Lying is a fascinating phenomenon and yet nothing new. There are many accounts of leaders and lovers, neighbors and enemies lying throughout history. The Bible has some notable passages on lying, “Lying lips are an abomination to the LORD” (Proverbs 12:22), and “Do not lie to one another, seeing that you have stripped off the old self with its practices” (Col. 3:9), (some would suggest the 9th Commandment, “You shall not bear false witness against your neighbor” but other scholars suggest it is referring to perjury). And then you have one of my favorite theologians, St. Augustine, who wrote a great deal on lying. He stated, “The question of lying is important since it often disturbs us in our daily actions lest we rashly blame ourselves for what, in reality, is not a lie, or, on the other hand, lest we think that at times we must deviate from the truth by telling a lie through a sense of honor, of duty, or even of mercy.”

Through the millennium we have found ways to categorize or, as the youth suggested, rationalize our lies: white lies, half truths, hyperbole and BS to name just a few cultural favorites. These are admissions to that which is “less than true”. As St. Augustine suggested sometimes our rationalization for lying is our desire to serve a higher purpose or good. Other times our reasoning is about protecting the other, as Jack Nicholson proclaimed in A Few Good Men, “You can’t handle the truth!” And there is always the proverbial getting caught with our hand in the cookie jar when our lying is focused on getting out of the trouble we find ourselves in.

Lying really is a fascinating phenomenon. Most all of us are taught by our parents or guardians that lying is wrong.
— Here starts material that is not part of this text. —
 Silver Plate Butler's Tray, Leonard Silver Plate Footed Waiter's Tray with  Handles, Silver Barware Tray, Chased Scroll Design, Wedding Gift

This belief is reinforced in our faith traditions, educational institutions, and among our circles of friends. Yet it appears both the level of lying and acceptance in our world are at an all time high. So much so that last January a very diverse group of Christian leaders felt completed to publish the following statement:

“WE REJECT the practice and pattern of lying that is invading our political and civil life. Politicians, like the rest of us, are human, fallible, sinful, and mortal. But when public lying becomes so persistent that it deliberately tries to change facts for ideological, political, or personal gain, the public accountability to truth is undermined. The regular purveying of falsehoods and consistent lying by the nation’s highest leaders can change the moral expectations within a culture, the accountability for a civil society, and even the behavior of families and children. The normalization of lying presents a profound moral danger to the fabric of society. In the face of lies that bring darkness, Jesus is our truth and our light.” (Reclaiming Jesus in a Time of Crisis)
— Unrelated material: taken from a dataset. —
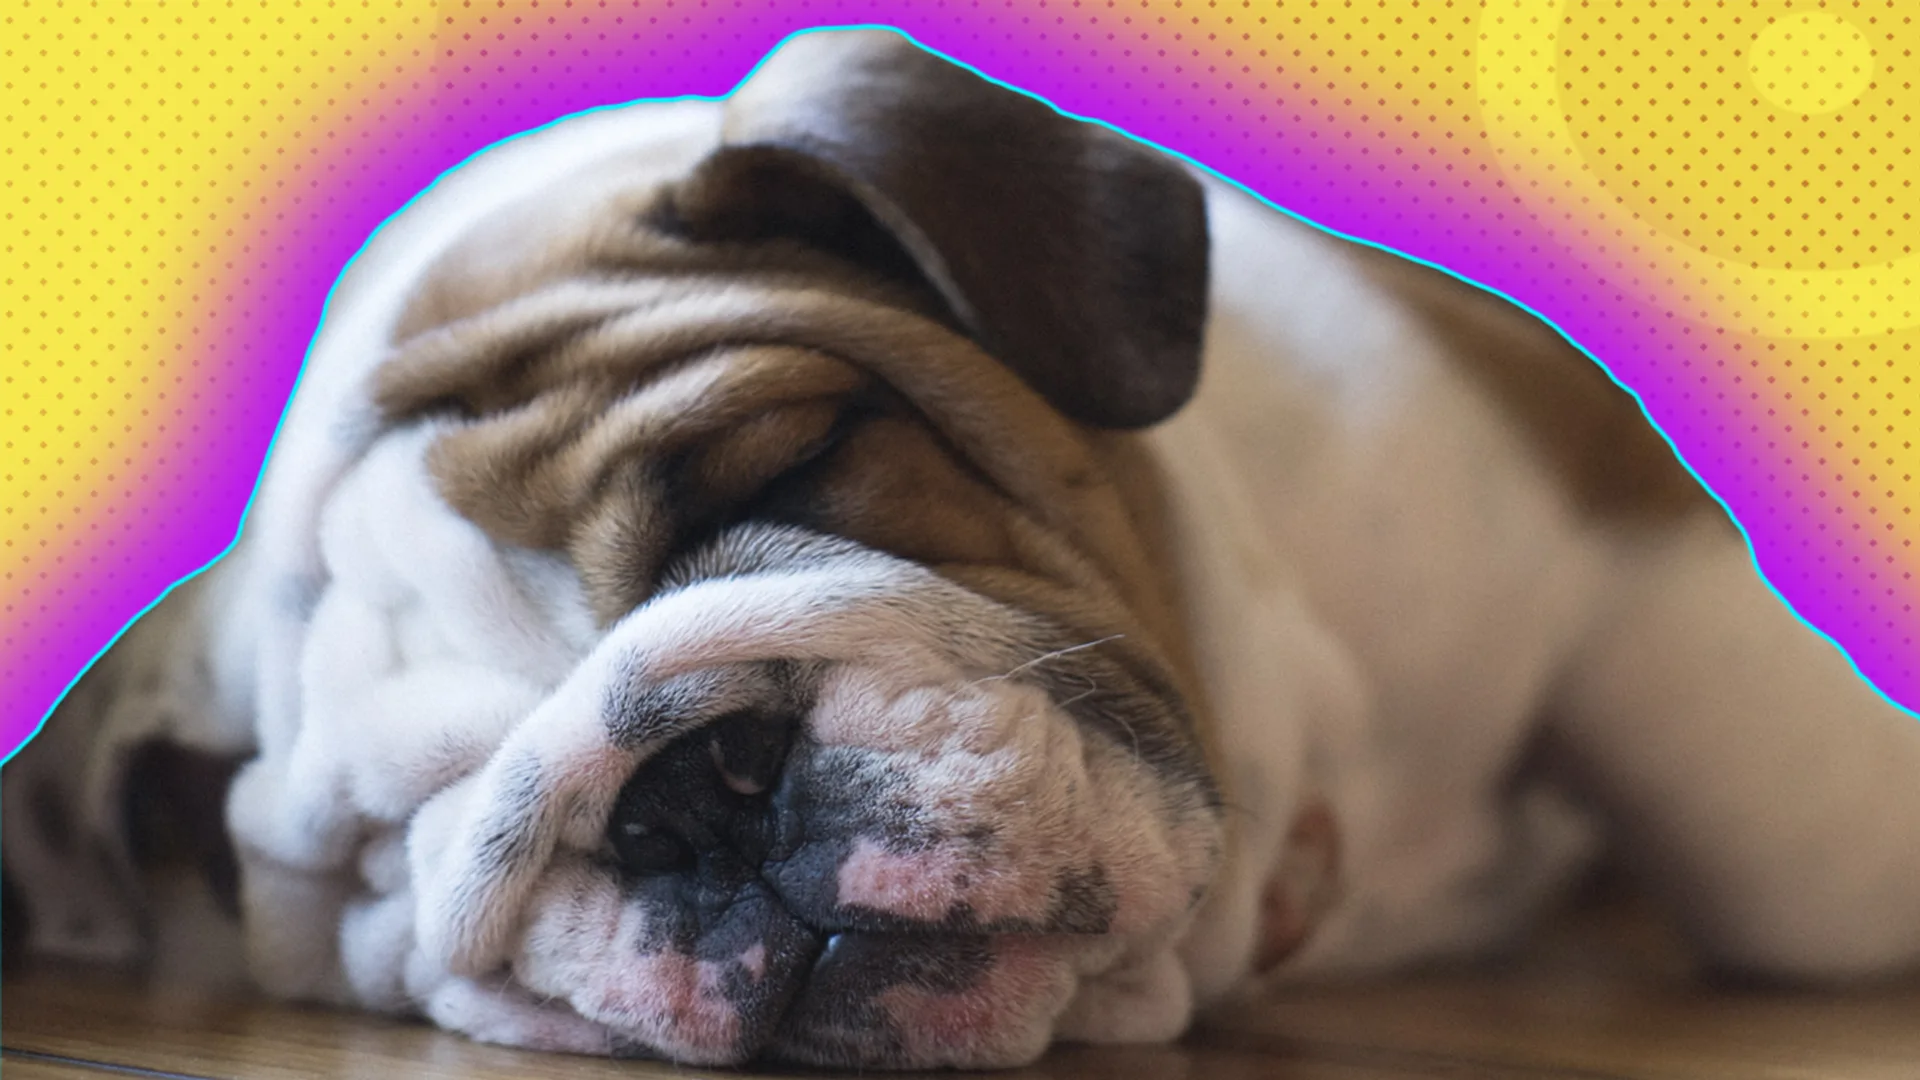 Sleeping dog with pink glow on a yellow background

My sense is the time has come for all of us to take a serious gut check on what part lying plays in our lives. Are we rationalizing, minimizing, even normalizing lying, both our own and that of others? As such, are we moving to a life ever-decreasing in honesty? With honesty lacking there is no chance for real trust. And without trust we lose the fundamental dynamic of truly being in relationship with one another.